Hallo Schwimmteichler,

der Nachbar muß den __ Aal ja net absichtlich bei dir in den Pool geschmissen haben. Vieleicht ist der aus dem Aaleimer ausgebüchst und hat das naheliegendste Gewässer (deinen Pool) aufgesucht. Aale können scheinbar das Wasser wittern, jedenfalls habe ich beim Angeln festgestellt das abhauende Aale immer den kürzesten Weg zum Wasser nehmen. Einem Angelkollegen ist mal einer im Auto aus dem Eimer geschlängelt . Nach ein paar Tagen hat sich dann seine Frau darüber beschwert das es im Auto penetrant nach Fisch riecht und er endlich mal die Rückbank wieder trocknen sollte. Also Rückbank raus, dabei rumgammelden Aal im feuchten Schaumstoff gefunden. Der dachte wohl auch das das Wasser darin sein Heimatgewässer ist.

MfG Frank


----------



## marsl (24. Mai 2005)

Also um mal licht in all eure thesen zu bringen, ich bin angler hab eine fischereischeiprüfung abgelegt und geh sage und schreibe schon 11 Jahre angeln(also ich bin kompeten ob ihrs glaubt oder net!!!!)  Aale können ohne problem mehr als einen kilometer über land zurücklegen wenn es feuchte nächte, wiesen etc. gibt.

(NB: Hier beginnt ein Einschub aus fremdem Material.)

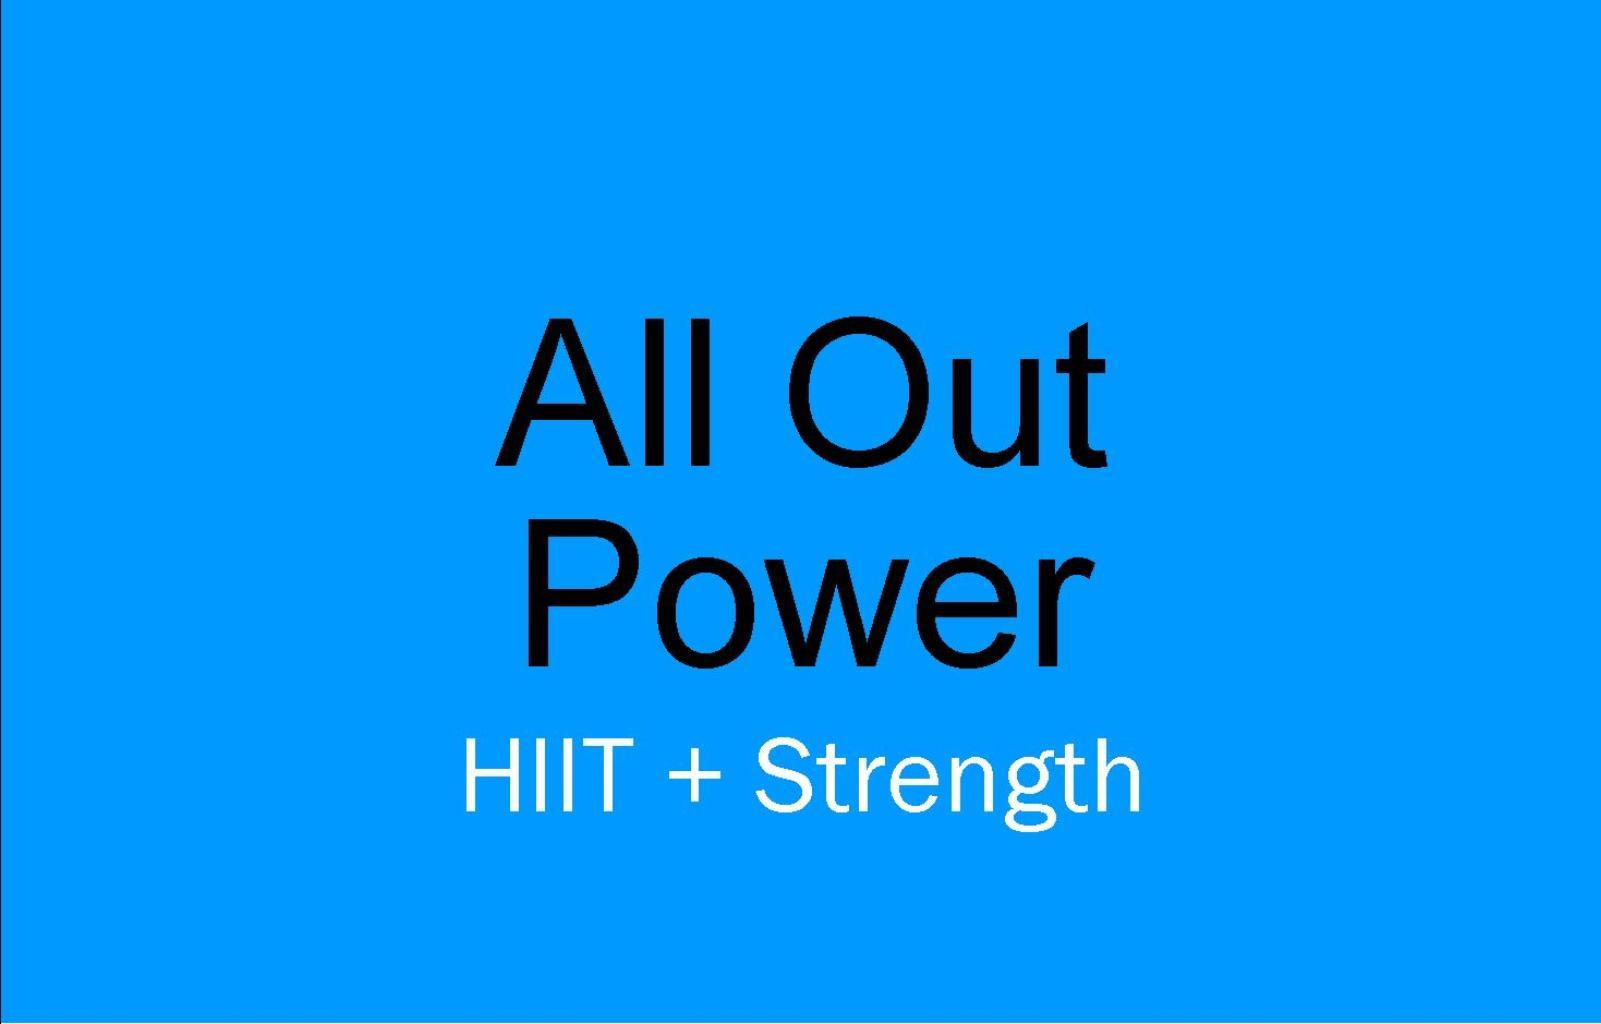 https://f.hubspotusercontent20.net/hub/2470171/hubfs/blog/HIIT%20All%20Out%20Power.jpg?width=1609&quality=high Feature Image
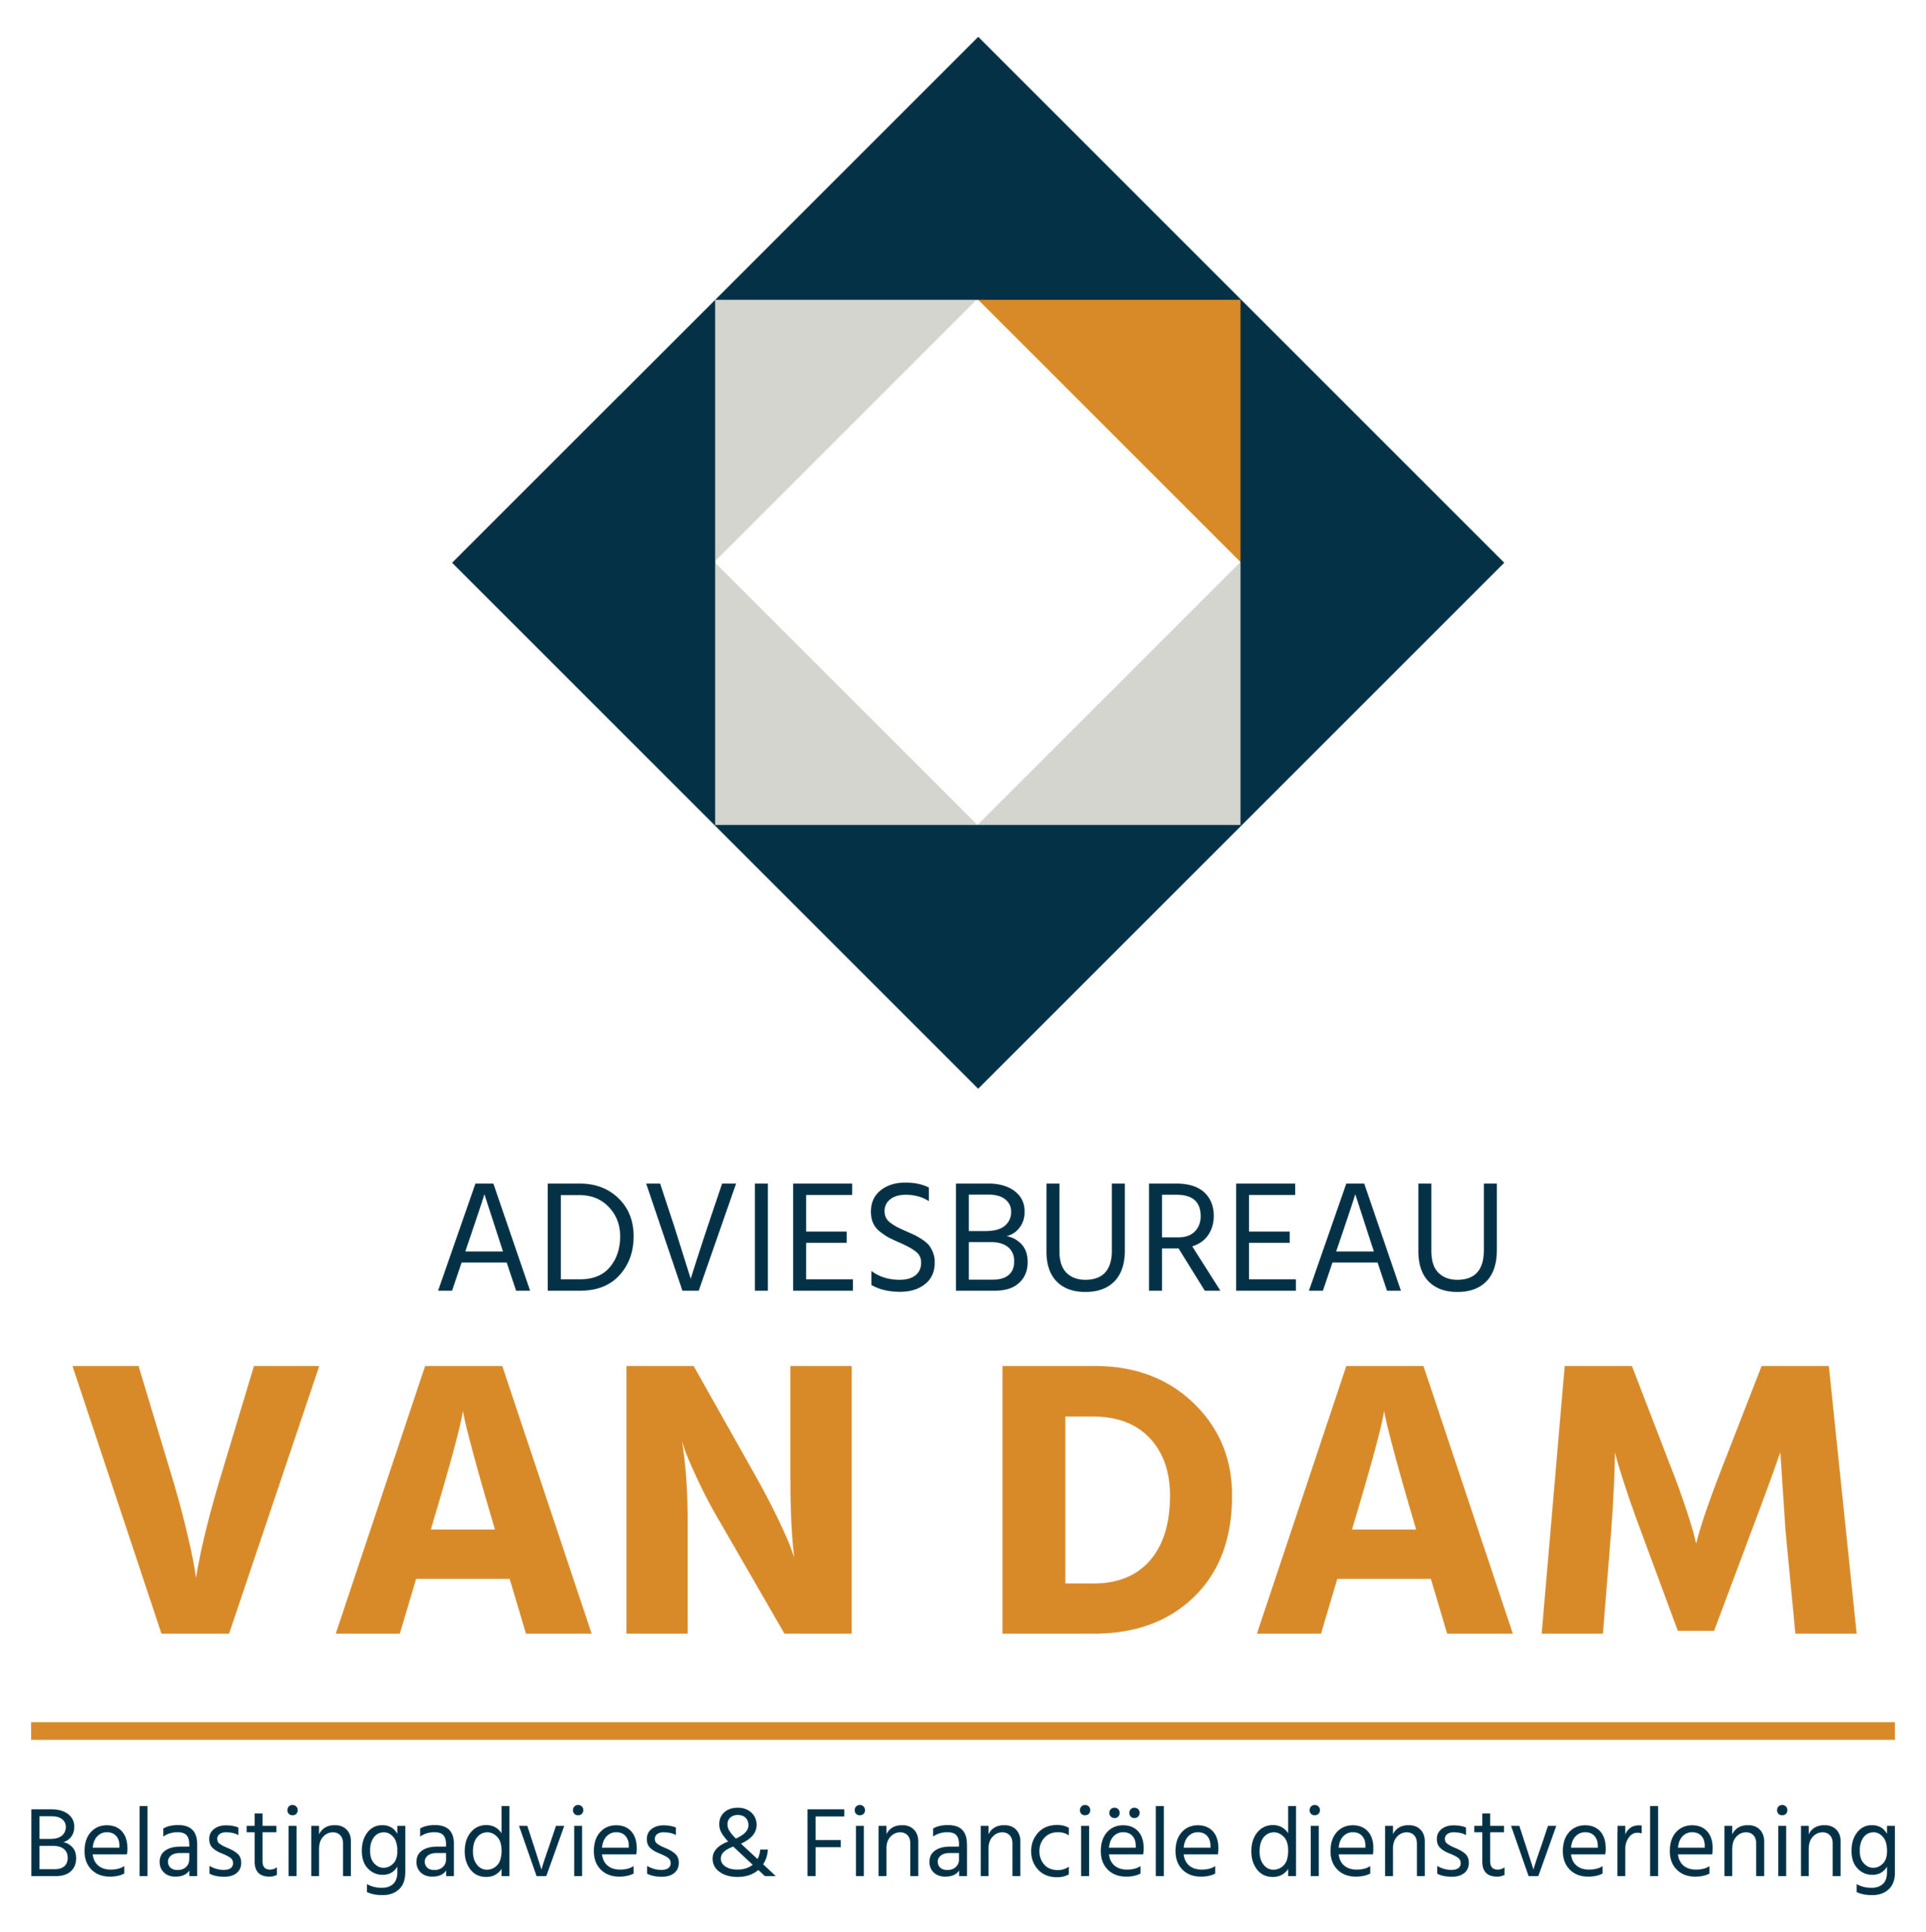 vandam-logo-staand

Also wenn ihr irgendwo einen Fluss, teich, see habt dann ist der definitiv von dort her gekommen aber wenn einer von deinen Nachbarn sich nen "Scherz" erlaubt hat dann kannste nix machen aber is doch eigentlich schön wenn sich nen __ aal bei dir angesiedelt hat!! ;-)
mfg


----------



## marsl (24. Mai 2005)

Achso und die Geschchte mit dem erbsenfeld ist narürlich absoluter blödsinn aber sonnst ist das kein anglerlatein das aale über land wandern


----------